Recorded data –
>>>>
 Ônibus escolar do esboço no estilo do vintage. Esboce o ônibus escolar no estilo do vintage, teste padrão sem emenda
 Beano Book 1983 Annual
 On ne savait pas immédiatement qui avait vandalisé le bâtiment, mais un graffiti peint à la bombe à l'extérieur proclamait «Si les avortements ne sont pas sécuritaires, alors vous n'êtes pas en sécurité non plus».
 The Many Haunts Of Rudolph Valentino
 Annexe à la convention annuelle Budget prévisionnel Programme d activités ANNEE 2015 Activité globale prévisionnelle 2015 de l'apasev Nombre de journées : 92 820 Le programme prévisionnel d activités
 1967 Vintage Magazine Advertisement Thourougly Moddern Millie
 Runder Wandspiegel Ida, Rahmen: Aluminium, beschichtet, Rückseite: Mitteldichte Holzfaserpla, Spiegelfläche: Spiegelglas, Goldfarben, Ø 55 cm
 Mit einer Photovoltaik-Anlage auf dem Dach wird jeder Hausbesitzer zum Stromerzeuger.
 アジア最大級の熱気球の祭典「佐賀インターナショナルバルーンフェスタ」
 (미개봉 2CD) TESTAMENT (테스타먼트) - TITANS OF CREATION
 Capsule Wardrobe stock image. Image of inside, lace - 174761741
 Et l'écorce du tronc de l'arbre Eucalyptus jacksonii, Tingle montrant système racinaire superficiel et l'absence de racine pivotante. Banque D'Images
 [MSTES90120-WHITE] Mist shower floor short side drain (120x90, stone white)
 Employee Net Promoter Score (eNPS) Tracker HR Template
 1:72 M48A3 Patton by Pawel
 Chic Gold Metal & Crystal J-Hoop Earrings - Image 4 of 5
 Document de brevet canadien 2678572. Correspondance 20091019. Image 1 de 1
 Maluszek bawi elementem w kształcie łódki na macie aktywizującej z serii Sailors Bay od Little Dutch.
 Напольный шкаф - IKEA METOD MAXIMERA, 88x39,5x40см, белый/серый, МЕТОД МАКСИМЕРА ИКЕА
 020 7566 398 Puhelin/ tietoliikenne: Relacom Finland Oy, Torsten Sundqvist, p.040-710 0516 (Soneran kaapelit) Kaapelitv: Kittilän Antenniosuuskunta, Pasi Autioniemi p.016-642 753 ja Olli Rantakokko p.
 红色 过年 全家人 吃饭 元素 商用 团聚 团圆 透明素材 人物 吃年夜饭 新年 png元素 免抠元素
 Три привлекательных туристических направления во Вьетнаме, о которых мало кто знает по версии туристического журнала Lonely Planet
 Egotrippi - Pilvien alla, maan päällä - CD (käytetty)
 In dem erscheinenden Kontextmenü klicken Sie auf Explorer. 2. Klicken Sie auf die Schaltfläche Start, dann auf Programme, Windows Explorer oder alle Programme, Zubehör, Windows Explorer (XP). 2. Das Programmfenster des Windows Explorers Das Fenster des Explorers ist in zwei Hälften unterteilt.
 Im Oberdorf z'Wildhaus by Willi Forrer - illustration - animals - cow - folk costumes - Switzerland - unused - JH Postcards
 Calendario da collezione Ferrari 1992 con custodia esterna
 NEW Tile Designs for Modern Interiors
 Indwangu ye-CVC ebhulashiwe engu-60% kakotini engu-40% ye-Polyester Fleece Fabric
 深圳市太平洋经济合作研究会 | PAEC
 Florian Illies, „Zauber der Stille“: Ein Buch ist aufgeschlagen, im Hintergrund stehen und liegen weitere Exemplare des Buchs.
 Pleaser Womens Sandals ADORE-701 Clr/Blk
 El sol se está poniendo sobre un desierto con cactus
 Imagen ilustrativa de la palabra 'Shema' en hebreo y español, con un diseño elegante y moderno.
<<<<
WORK REQUEST –
Please write out, exactly as they appear above, only the lines in the stretch from the line with "Напольный шкаф - IKEA" through the line with "Egotrippi - Pilvien".

ANSWER AREA –
 Напольный шкаф - IKEA METOD MAXIMERA, 88x39,5x40см, белый/серый, МЕТОД МАКСИМЕРА ИКЕА
 020 7566 398 Puhelin/ tietoliikenne: Relacom Finland Oy, Torsten Sundqvist, p.040-710 0516 (Soneran kaapelit) Kaapelitv: Kittilän Antenniosuuskunta, Pasi Autioniemi p.016-642 753 ja Olli Rantakokko p.
 红色 过年 全家人 吃饭 元素 商用 团聚 团圆 透明素材 人物 吃年夜饭 新年 png元素 免抠元素
 Три привлекательных туристических направления во Вьетнаме, о которых мало кто знает по версии туристического журнала Lonely Planet
 Egotrippi - Pilvien alla, maan päällä - CD (käytetty)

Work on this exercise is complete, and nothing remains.